Sunday, September 4, 2011

TASK 1: The Covers Are Finished

Last Friday, I gave Kharl and the Accurance design team my official OK on the covers for the three books of WATERSPELL. I wanted clean, uncluttered designs that would look good as thumbnails, since thumbnail-size is nearly the only way most readers ever see the covers for e-books. Fortunately, these deep-blue covers are also striking when printed full size, 6x9, which is how big the printed books will be.

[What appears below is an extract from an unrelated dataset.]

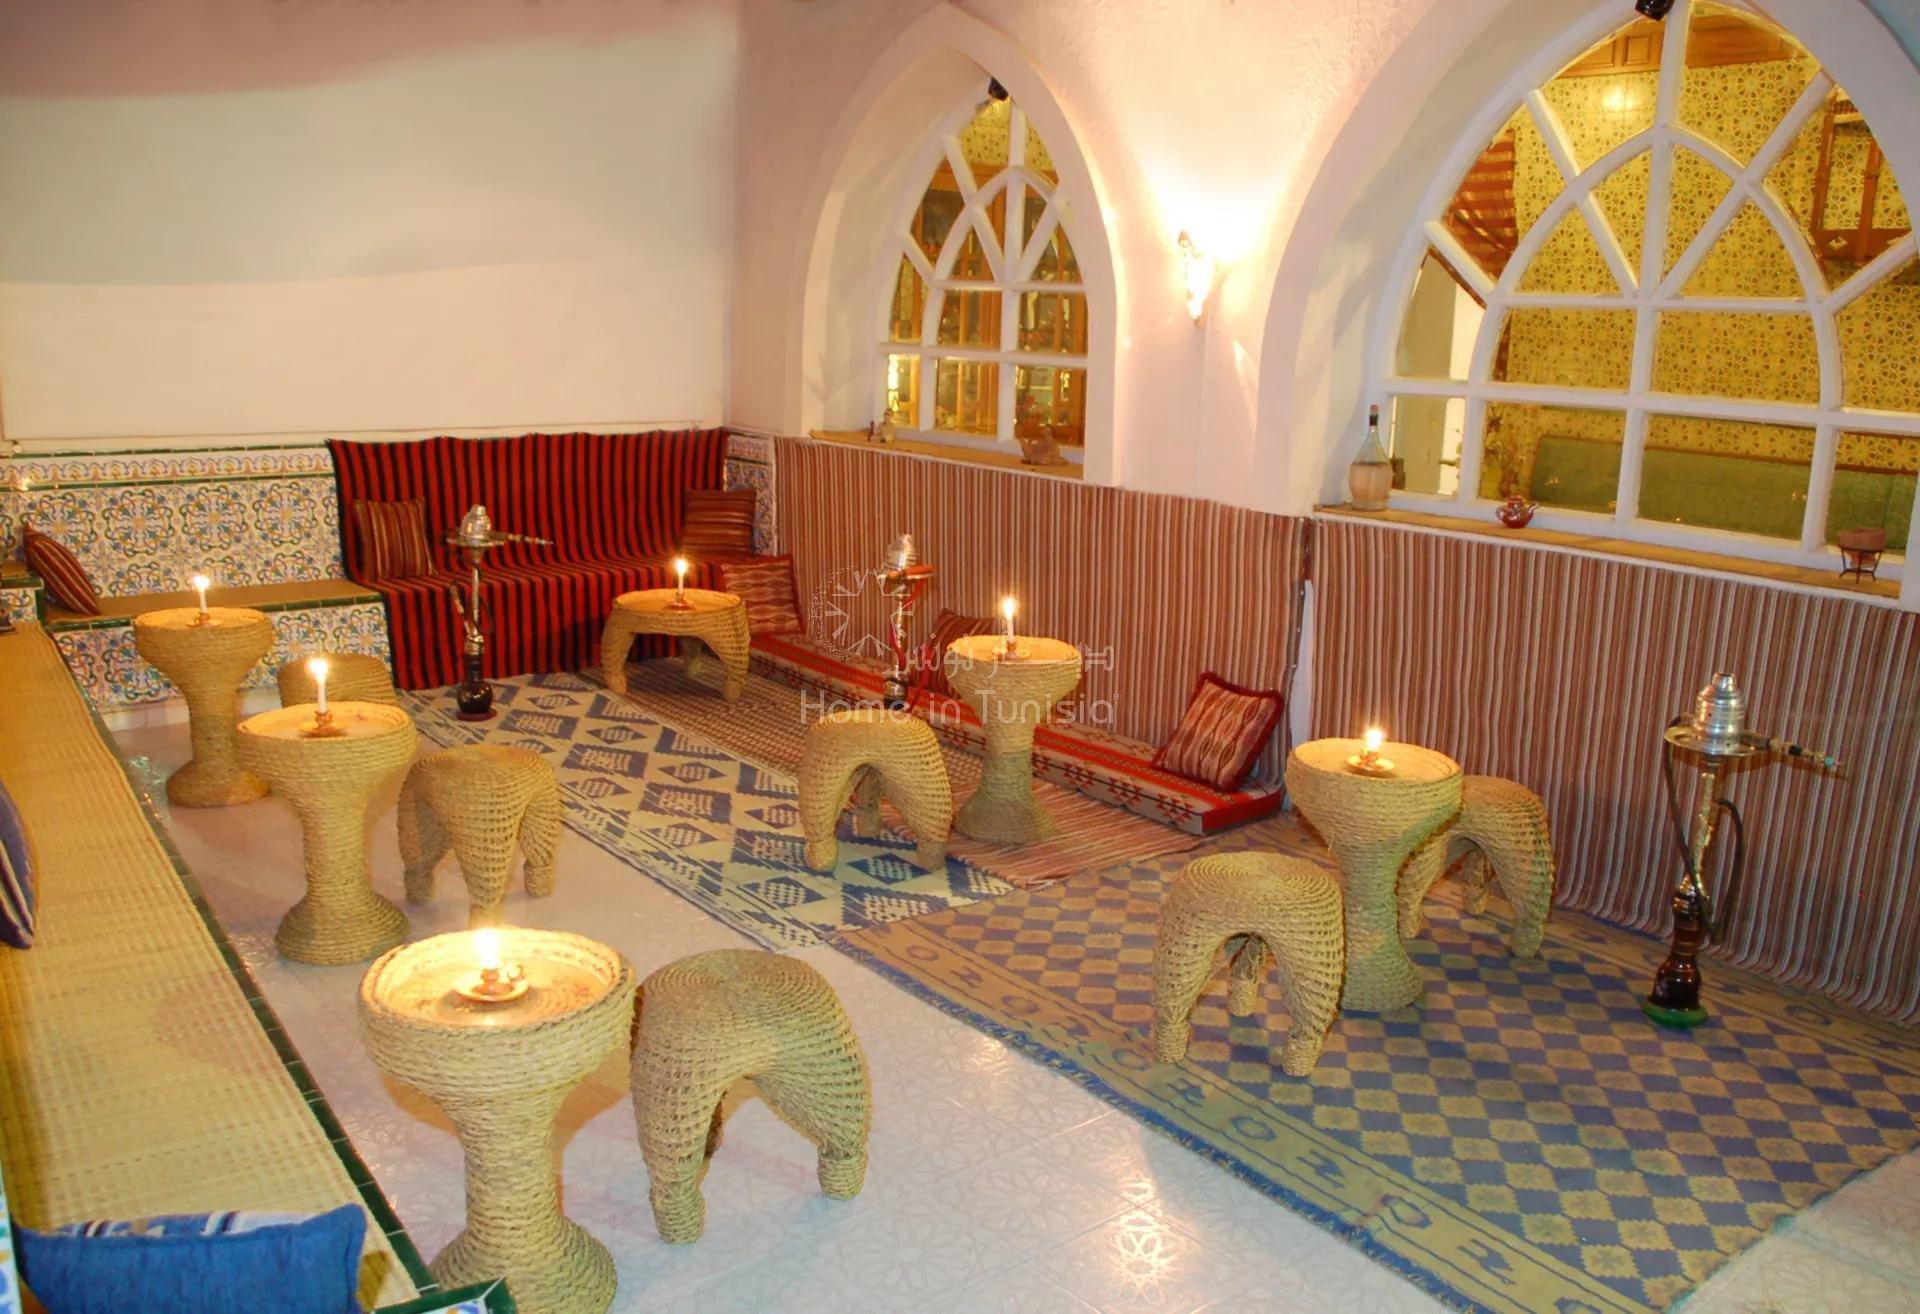 Verkoop Hotel - Nabeul - Tunesië

It’s been fun getting comments from my fellow writers. With one exception (a person who labeled the covers “boring”—she is not, I suspect, a regular reader of fantasy), all the comments have been highly complimentary:
  • “They’re beautiful!”
  • “This [cover] really piques my curiosity. I want to buy the book to learn more.”
  • “The covers are breathtaking. I’d be honored to have a book that looked so beautiful. If this were on a bookshelf, it would be gorgeous to see! But even on screen, it’s eye popping!”
  • “Looks wonderful, so inviting. The covers are great ... who did them? I just love them.”
TASK 2: Proofing the Galleys Goes On

I have received the first run of galley proofs for WATERSPELL Book 2: The Wysard. They look good, except they’re missing the copyright page, dedication, Contents page, and epigraph that I supplied in a separate file. For Book 3: The Wisewoman (which will be released next spring) I will be sure to put ALL of the pieces into a single file.

I’m still waiting on the second run of galley proofs for Book 1: The Warlock. The changes to the text were very minor. What’s holding up progress, I suspect, are the pages of front matter (copyright, dedication, contents, epigraph) that I asked Accurance to include in the second run of proofs. Inserting those pages will change the pagination throughout the 375-page book.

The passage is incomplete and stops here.